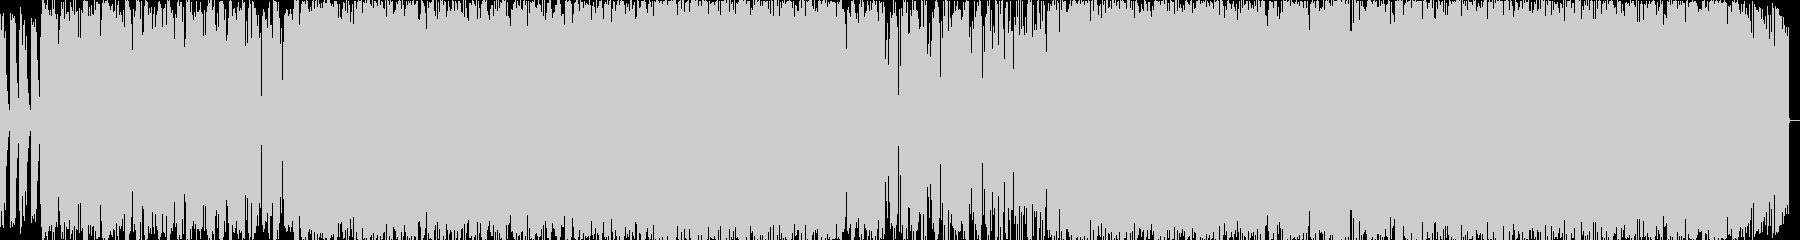 フルートアシッドジャズの未再生の波形
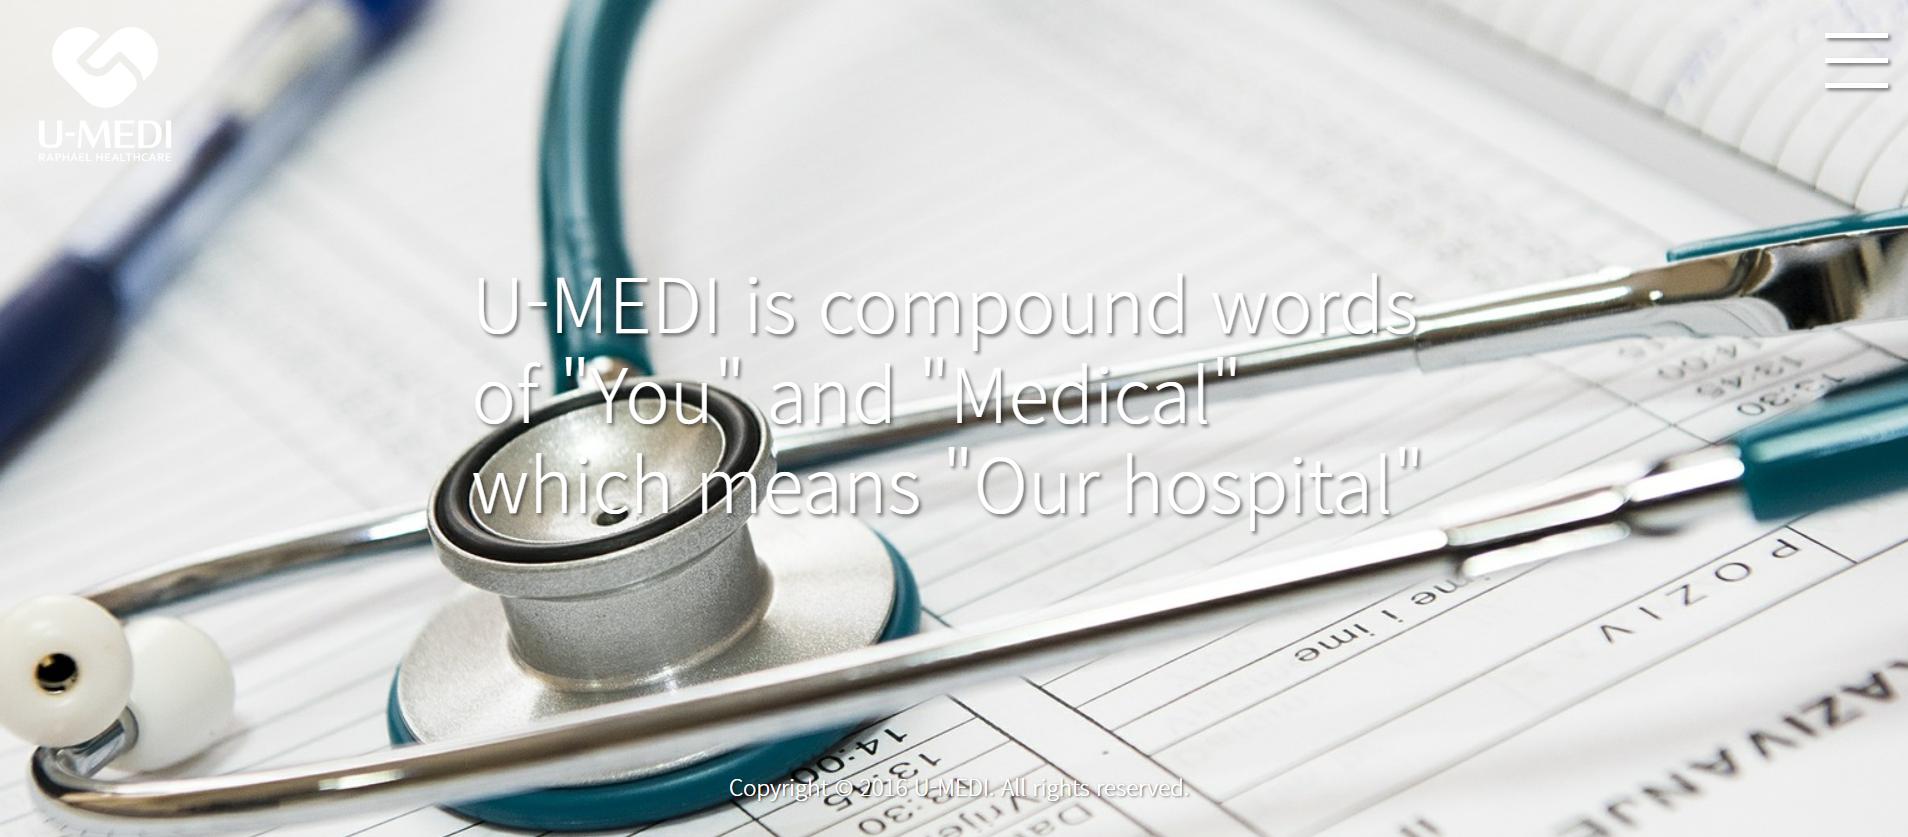 의료산업 디지털 마케팅의 트렌드 - 유메디
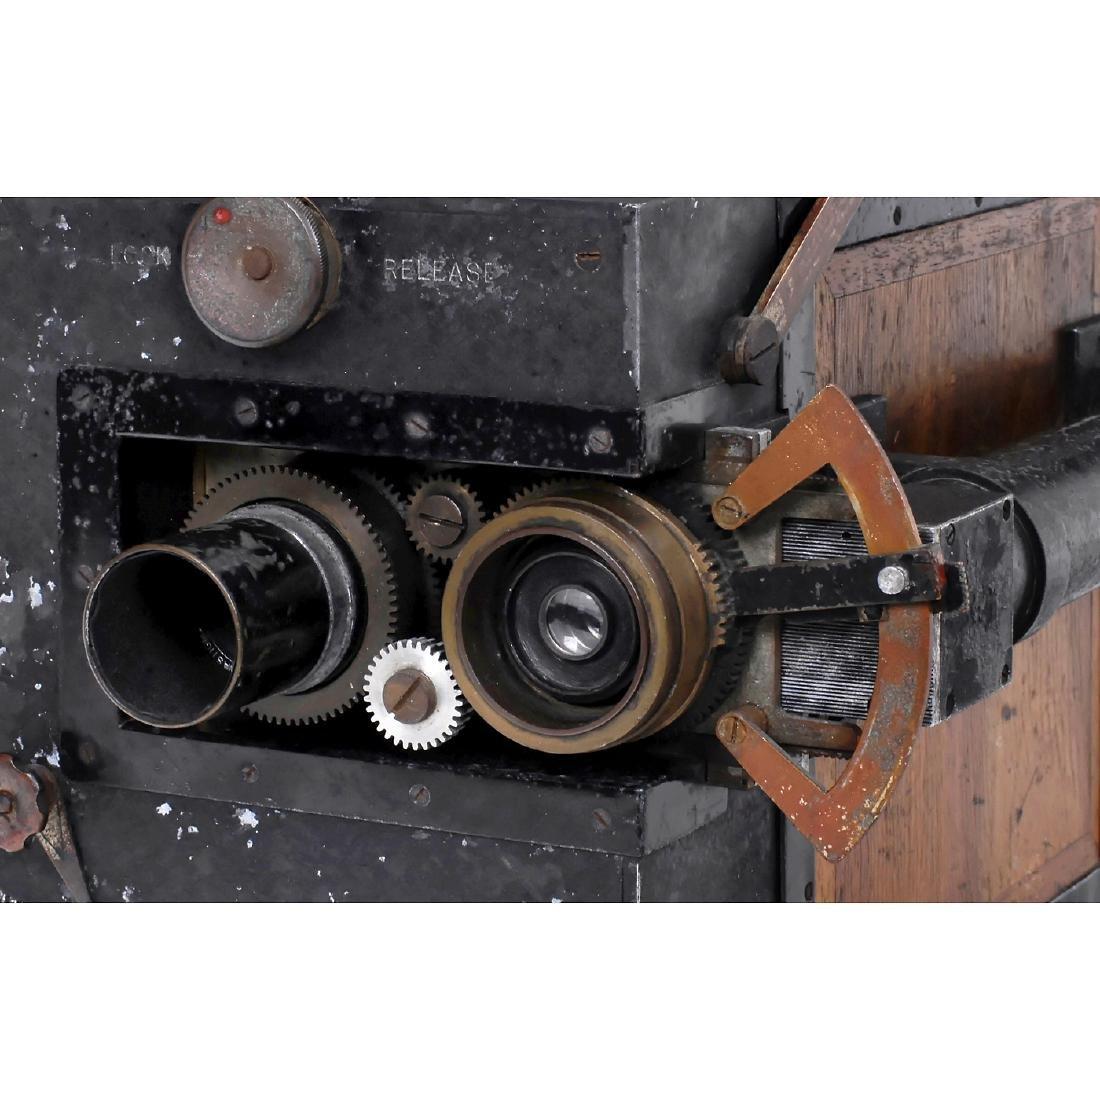 Debrie/Vinten Camera, c. 1922 - 2
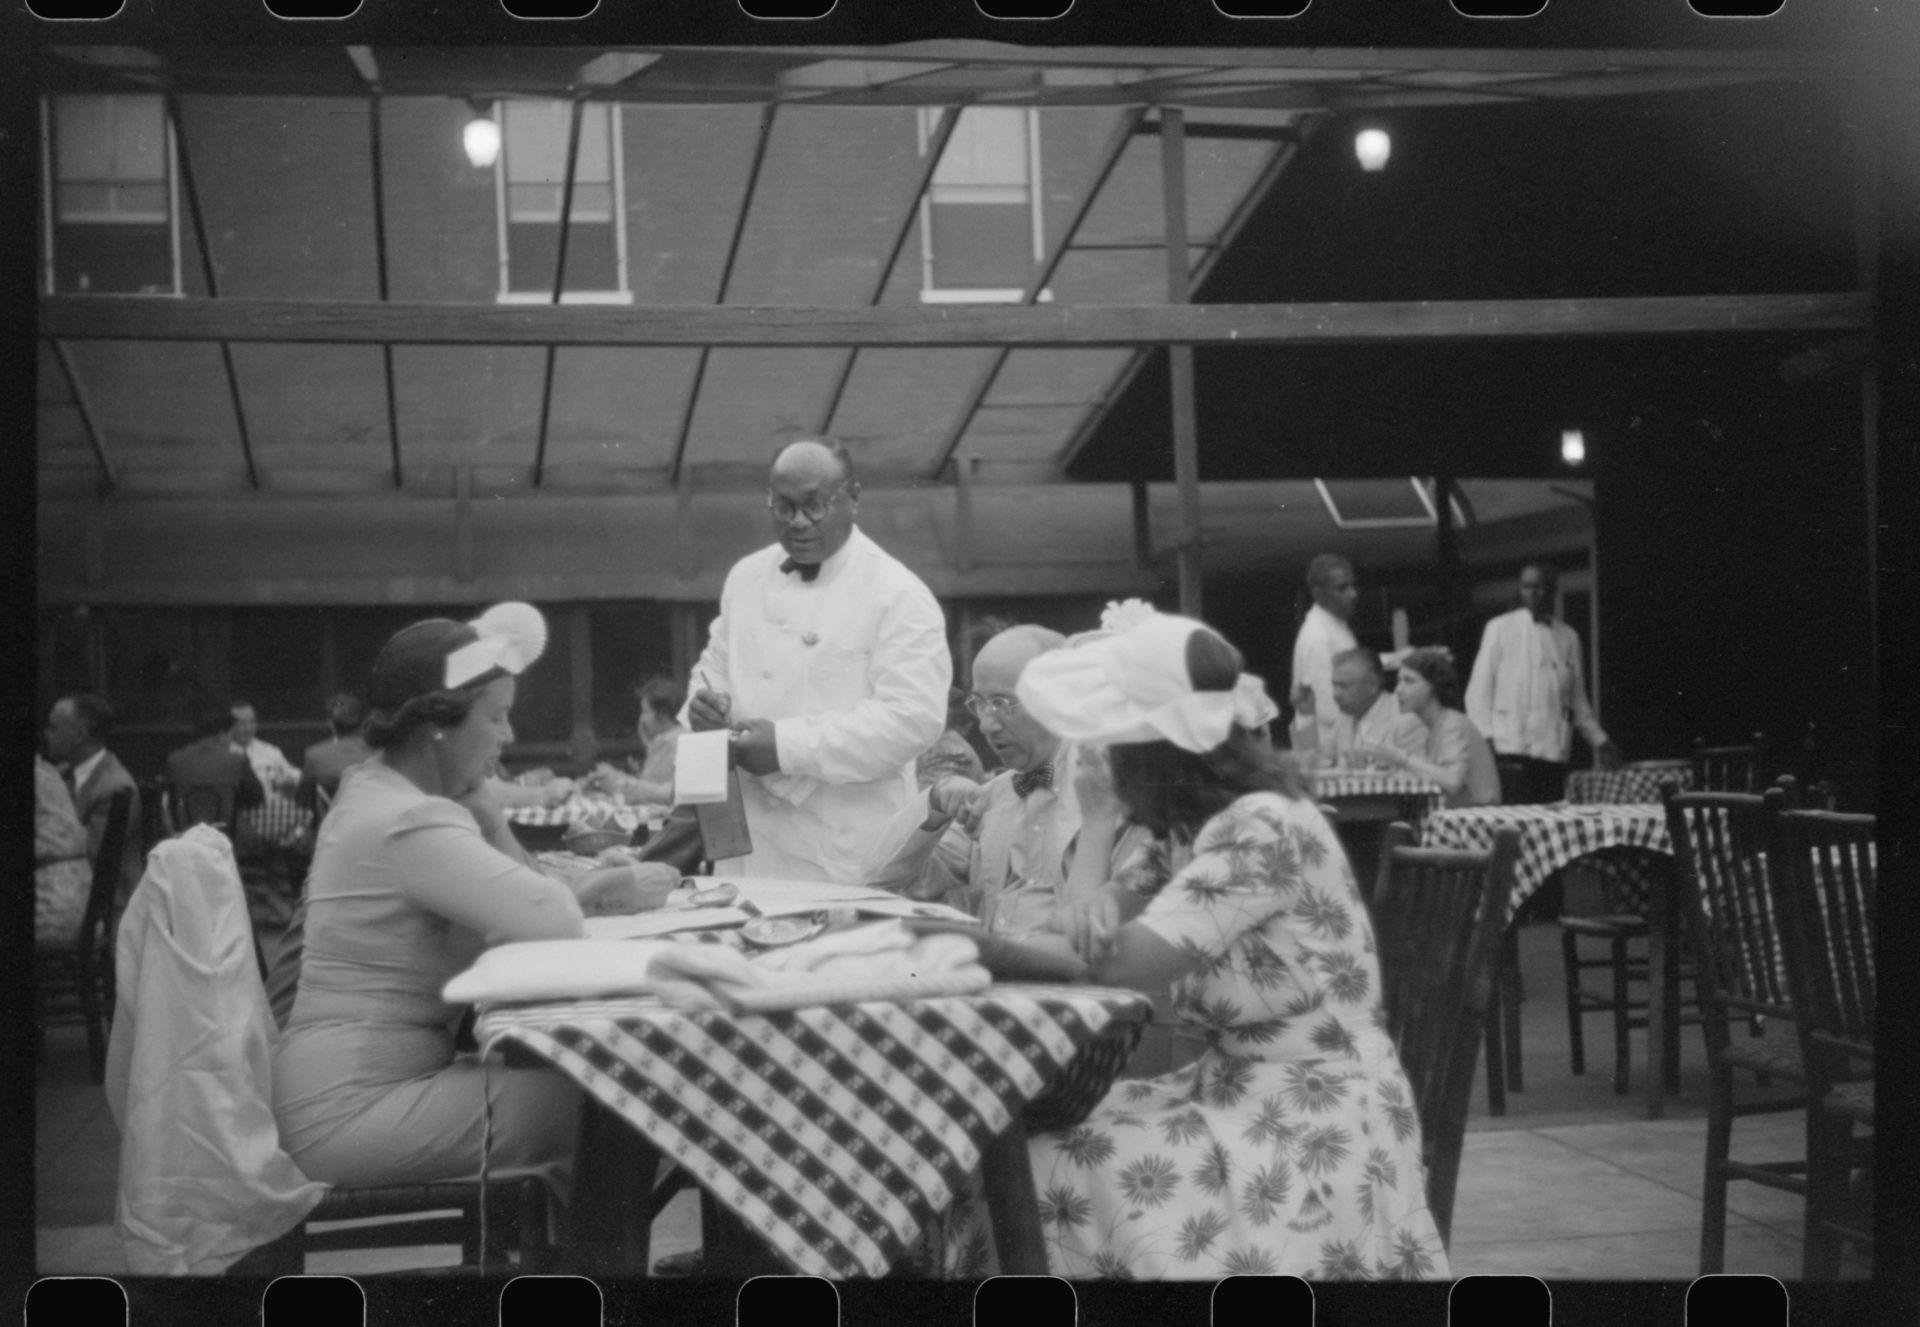 waiter_1941_jack_delano.jpg
====
All that belongs in the answer is the exact run of lines from the line containing "의료산업 디지털 마케팅의 트렌드 - 유메디" to the end of the listing above, pictures removed.

# RESULT
 의료산업 디지털 마케팅의 트렌드 - 유메디
 Debrie/Vinten Camera, c. 1922 - 2
 waiter_1941_jack_delano.jpg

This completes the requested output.